# Stopwords and Filtering

## Using stopwords

In natural language processing, we frequently work with a list of stopwords, those words that occur most often in any given text in a language. We might want to exclude words from this list from our larger body of texts before analysis, add to this list, or use just those words from our stopword list as a part of our project. 

NLTK has a handy way for pulling all those stopwords into your program.

In [1]:
import nltk
print(nltk.corpus.stopwords.words('english'))

['i', 'me', 'my', 'myself', 'we', 'our', 'ours', 'ourselves', 'you', 'your', 'yours', 'yourself', 'yourselves', 'he', 'him', 'his', 'himself', 'she', 'her', 'hers', 'herself', 'it', 'its', 'itself', 'they', 'them', 'their', 'theirs', 'themselves', 'what', 'which', 'who', 'whom', 'this', 'that', 'these', 'those', 'am', 'is', 'are', 'was', 'were', 'be', 'been', 'being', 'have', 'has', 'had', 'having', 'do', 'does', 'did', 'doing', 'a', 'an', 'the', 'and', 'but', 'if', 'or', 'because', 'as', 'until', 'while', 'of', 'at', 'by', 'for', 'with', 'about', 'against', 'between', 'into', 'through', 'during', 'before', 'after', 'above', 'below', 'to', 'from', 'up', 'down', 'in', 'out', 'on', 'off', 'over', 'under', 'again', 'further', 'then', 'once', 'here', 'there', 'when', 'where', 'why', 'how', 'all', 'any', 'both', 'each', 'few', 'more', 'most', 'other', 'some', 'such', 'no', 'nor', 'not', 'only', 'own', 'same', 'so', 'than', 'too', 'very', 's', 't', 'can', 'will', 'just', 'don', 'should', 'no

The words here are probably unsurprising: prepositions, pronouns, and similar words that show up frequently across English-language corpora. In most cases you will want to supplement such a list with your own words to create a stopwords list that makes sense for your corpus. If you work with early modern texts, for example, you probably have a whole range of different words and phrases particular to your period that you would want to keep in mind. NLTK comes with a range of different lists for different languages, but there are a range of other options available [online ](https://github.com/Alir3z4/stop-words). [CLTK](http://cltk.org/), a variation of NLTK for working with ancient languages, comes with its own lists as well. 

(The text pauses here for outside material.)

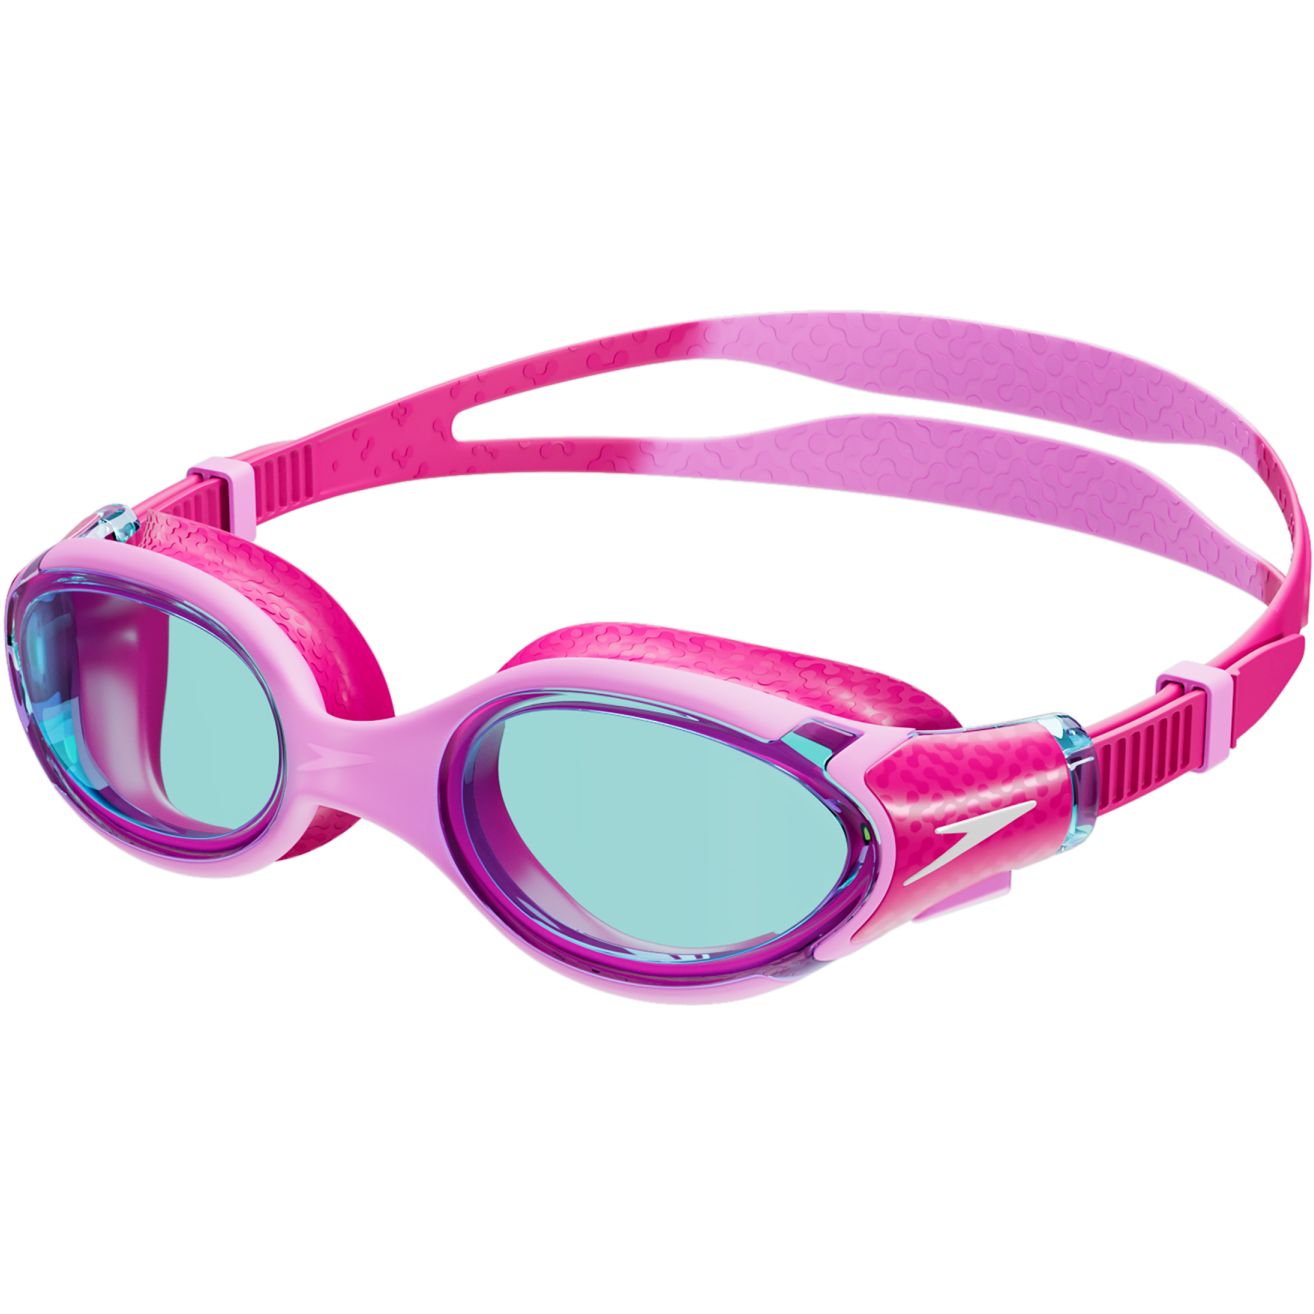 Productfoto van Speedo Biofuse 2.0 Junior Flamingo Pink/Electric Pink/Blue Zwembril
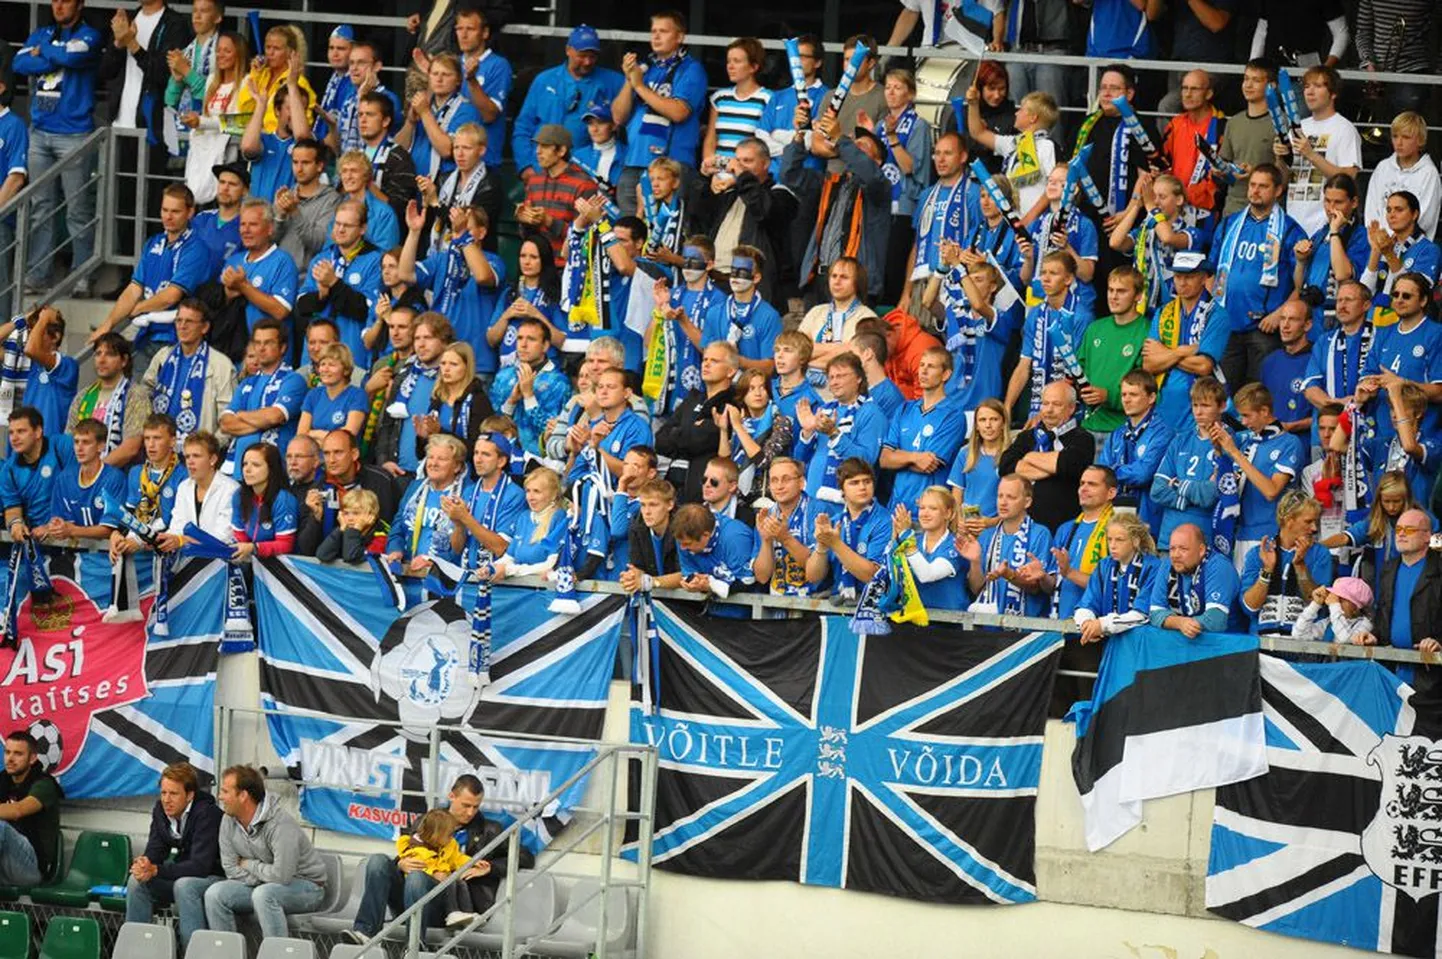 Kui Eesti jalgpallikoondise mängudel on põhjatribüün alati olnud täidetud rahvusvärvides fännidest, siis      loodetavasti leiavad toetajad tee sinna ka noortekoondise mängudeks.

It's common in NLP to use lists like these to create filters for your text. Let's take a piece of the first chunk of Jacob's room, using the get_chunks() method we developing in the unit on [dividing your text](dividing.ipynb):

In [2]:
import math
import nltk

def get_chunks(text, num_chunks):
    text_length = len(text)
    text_chunks = []
    number_of_chunks = num_chunks
    for i in range(number_of_chunks):
        chunk_size = text_length/number_of_chunks
        chunk_start = math.floor(chunk_size * i)
        chunk_end = math.floor(chunk_size * (i +1))
        text_chunks.append(text[chunk_start:chunk_end])
    return text_chunks

filename = 'corpus/woolf/1922_jacobs_room.txt'
with open(filename, 'r') as fin:
    raw_text = fin.read()

chunked_text = get_chunks(raw_text, 100)
tokenized_text = [nltk.word_tokenize(chunk) for chunk in chunked_text]
tokenized_text[0][:50]

['CHAPTER',
 'ONE',
 "''",
 'So',
 'of',
 'course',
 ',',
 "''",
 'wrote',
 'Betty',
 'Flanders',
 ',',
 'pressing',
 'her',
 'heels',
 'rather',
 'deeper',
 'in',
 'the',
 'sand',
 ',',
 '``',
 'there',
 'was',
 'nothing',
 'for',
 'it',
 'but',
 'to',
 'leave',
 '.',
 "''",
 'Slowly',
 'welling',
 'from',
 'the',
 'point',
 'of',
 'her',
 'gold',
 'nib',
 ',',
 'pale',
 'blue',
 'ink',
 'dissolved',
 'the',
 'full',
 'stop',
 ';']

We can use our stopwords list from above to filter out common words. This code removes stopwords from the first chunk and prints the first 50 words.

In [3]:
filtered_chunk = [token for token in tokenized_text[0] if token not in nltk.corpus.stopwords.words('english')]
print(filtered_chunk[:50])

['CHAPTER', 'ONE', "''", 'So', 'course', ',', "''", 'wrote', 'Betty', 'Flanders', ',', 'pressing', 'heels', 'rather', 'deeper', 'sand', ',', '``', 'nothing', 'leave', '.', "''", 'Slowly', 'welling', 'point', 'gold', 'nib', ',', 'pale', 'blue', 'ink', 'dissolved', 'full', 'stop', ';', 'pen', 'stuck', ';', 'eyes', 'fixed', ',', 'tears', 'slowly', 'filled', '.', 'The', 'entire', 'bay', 'quivered', ';']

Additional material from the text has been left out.